Чтобы задавить в себе бесполезную надежду. Яр проговорил беспощадно:
— Нет. Им проще было сделать, чтобы он погиб. Раз и навсегда.
— Яр… Ты же сам говорил, что они не могут это сделать, если нас пятеро.
— Но Игнатик не знал, что вы живы…
— Зато т е знали. К тому же Игнатик догадывался…
— Кроме того, это был несчастный случай.
— Подстроенный случай — тоже убийство… Яр…
— Что?
— Яр, а вдруг Тик живой и они держат его где-нибудь взаперти? А он и не старается вырваться, потому что они сказали, будто ты ушёл с Планеты… Совсем ушёл…
— Он доверчивый, — сказал Яр. — Но этому он бы не поверил.
— Яр, ты не обижайся… но ты же по правде ушёл.
— Это получилось, потому что Игнатика нет, — через силу сказал Яр.
Чита опустил голову, долго шёл молча.
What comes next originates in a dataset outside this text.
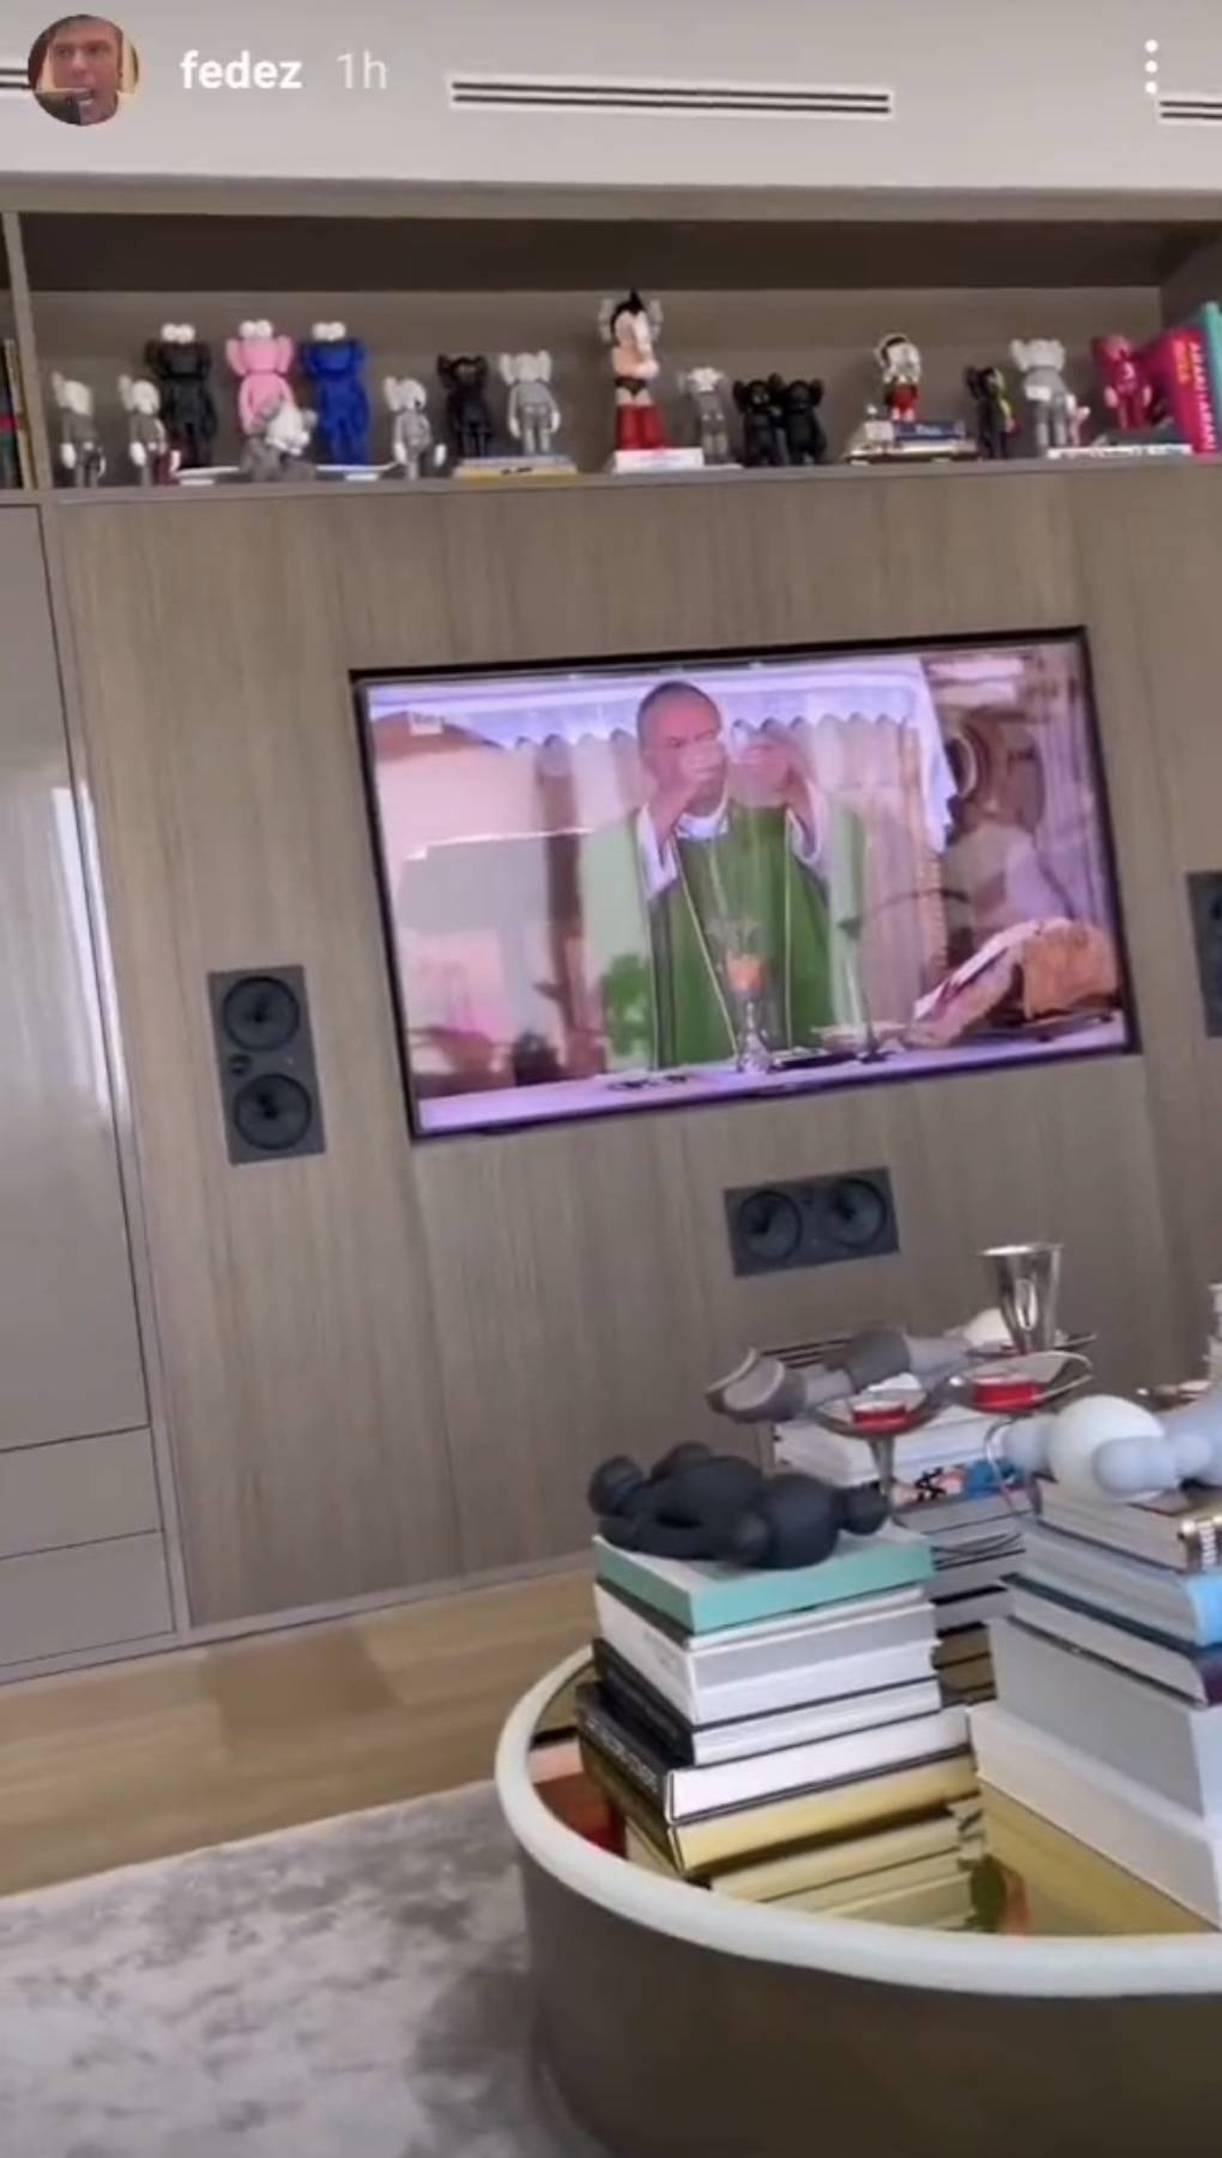 Fedez leone tv messa

Хлюпал ботинками по раскисшему на асфальте снегу. Потом хмуро спросил:
— Почему ты боишься надеяться?
— Потому что… — глухо сказал Яр, — надежда погибнет, и будет ещё страшнее.
Чита удивленно вскинул голову и снял очки.
— Страшнее? — звонко спросил он. — Что может быть страшнее для Игнатика, если он погиб? Или вы боитесь за себя, Яр?
— Дурак! — крикнул Яр. Жалобно, зло и с непонятным облегчением. — Чего я боюсь?! Я…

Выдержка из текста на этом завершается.